The good thing about impact investment is that unlike commercial investments like PE and VC, financial gain is not the only motivation for investment, which may exclude the classes of consumers who cannot give the company that financial gain they seek. However, it is a step further away from aid as it is more concerned with sustainability. The investors don’t see it as a charity, and their desire for financial gain motivates them to see the investment through.
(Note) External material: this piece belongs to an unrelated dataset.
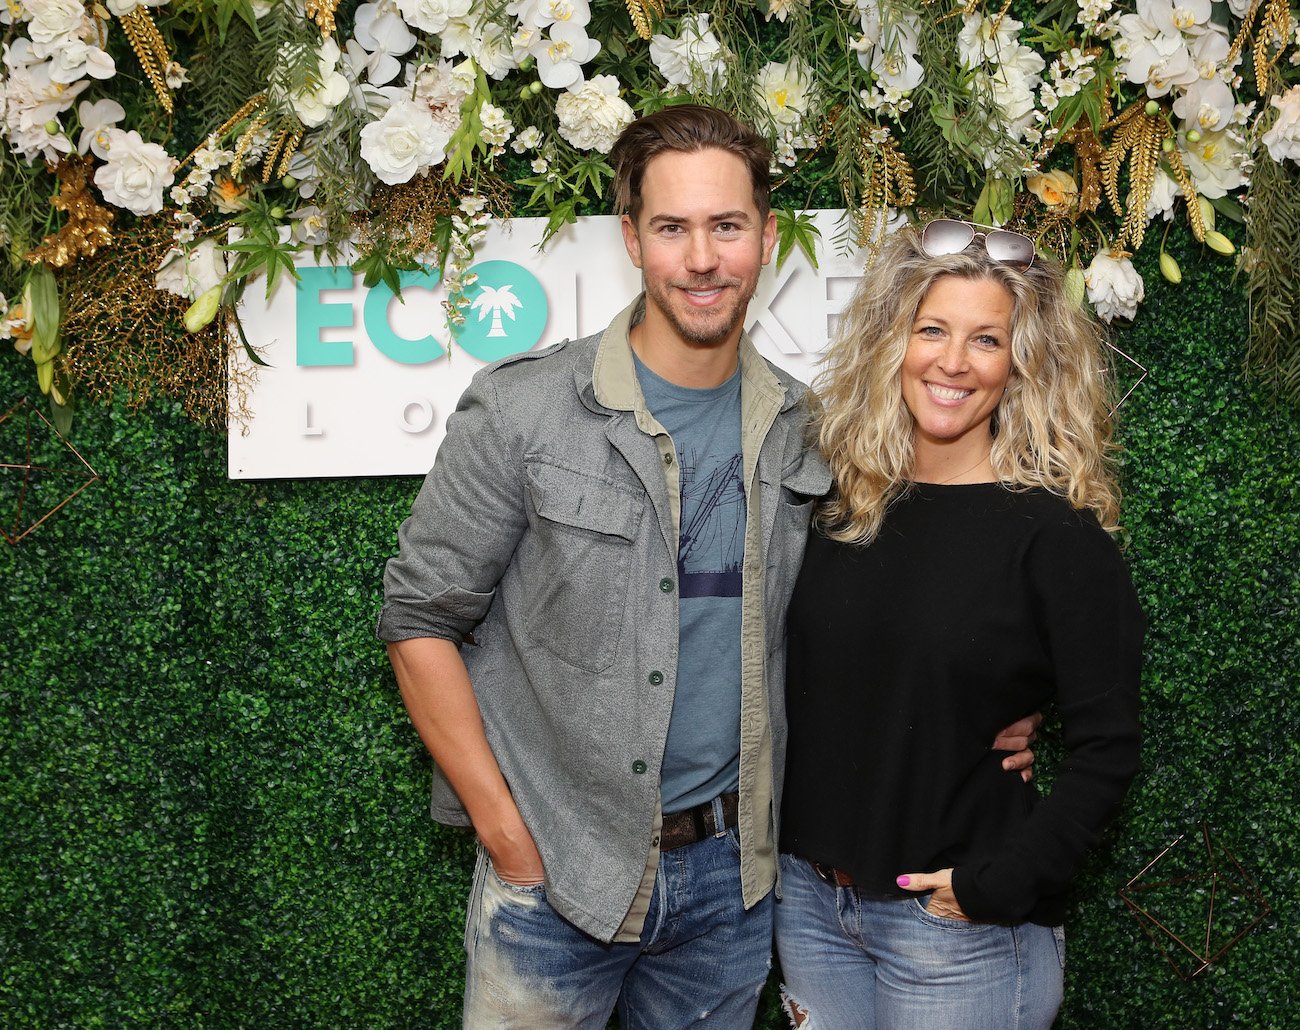 Wes Ramsey and Laura Wright posing next to each other in front of plants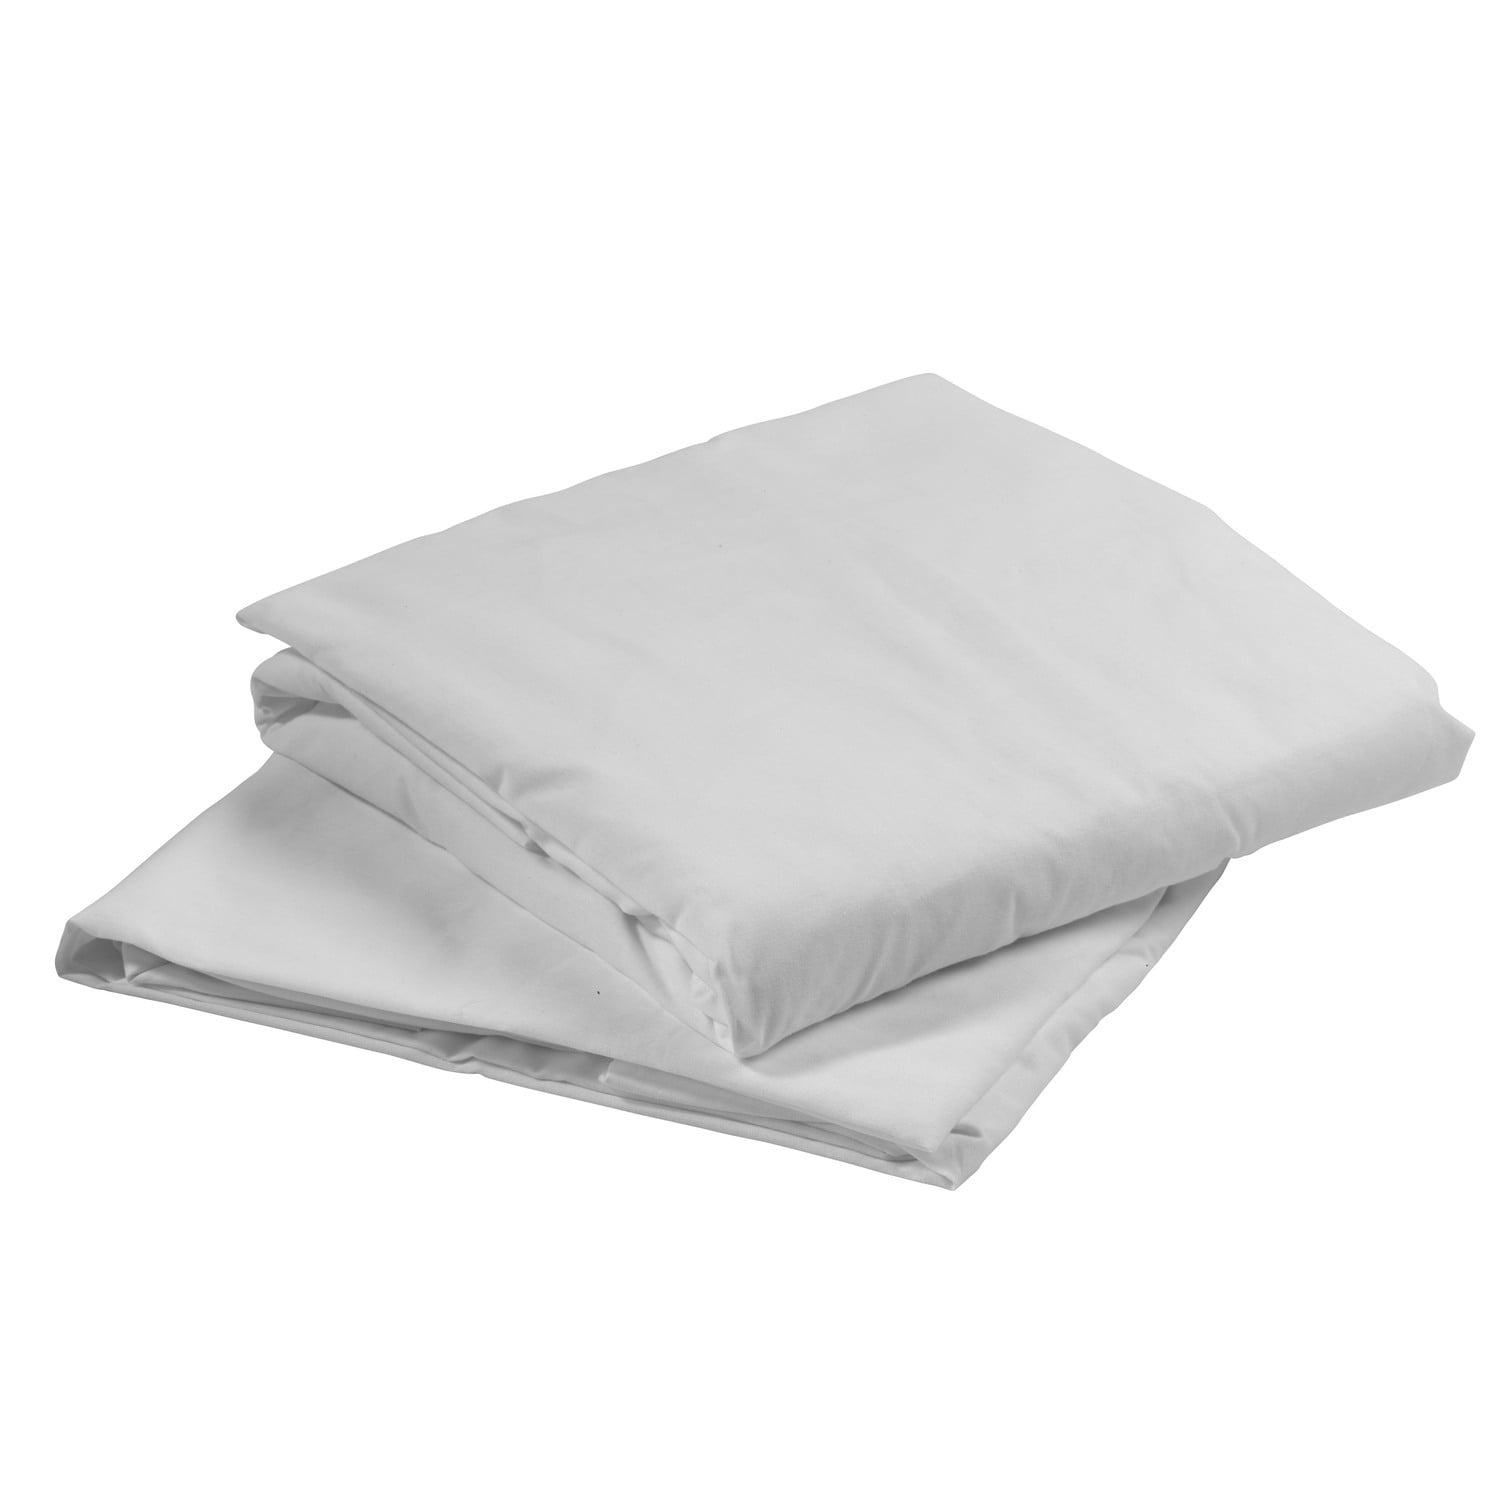 Fitted Hospital Bed Sheet Twin Extra, Twin Size Hospital Bed Sheets

Impact investment at the low k-12 level can take different forms, although the focus is low-income families. On the one hand, schools can be set up to receive stipends from the students for many services. An example is Omega schools in Ghana, where students must pay a daily fee of 0.65 Ghanian Cedis (approximately ₦40) for tuition, lunch, workbooks, and more.

Another model could be where the organisation partners with the government to provide learning to its students. This is usually adopted where the government funds most of the basic education and funding efficiency—that is, the act of putting the money to the best use, is lacking.

Bridge academies adopt this model such that it receives funding from donors and the government to provide education to the students of low-cost k-12 schools at little to no cost to students. They also offer other services like teacher training and technology for managing the schools owned by the government, for which the government pays. So far, Bridge has over 500 schools with more than 100,000 students.

Then there’s a model where the school provides education to students of various income classes while providing financial aid to the students in need. Aga Khan does this by delivering k-12 education to students of all income classes but provides needs-based discounts and financial assistance to the students from low-income families.

These case studies of impact investment in different African countries provide evidence that it can be applied to the Nigerian low-cost k-12 education system. There is, and will always be, a massive demand for education due to Africa’s population. This is why there have been considerable investments in several aspects of education, particularly edtech and tertiary education. Briter Bridges estimates that from 2021 till date, the Nigerian edtech space has raised over $220 million, about 10% of the total amount raised in the tech ecosystem by companies operating in Nigeria.

However, without heavy investment in foundational education like k-12, more would need to be done to reap the returns at the other stages of education.

This story was initially published by Stearsng.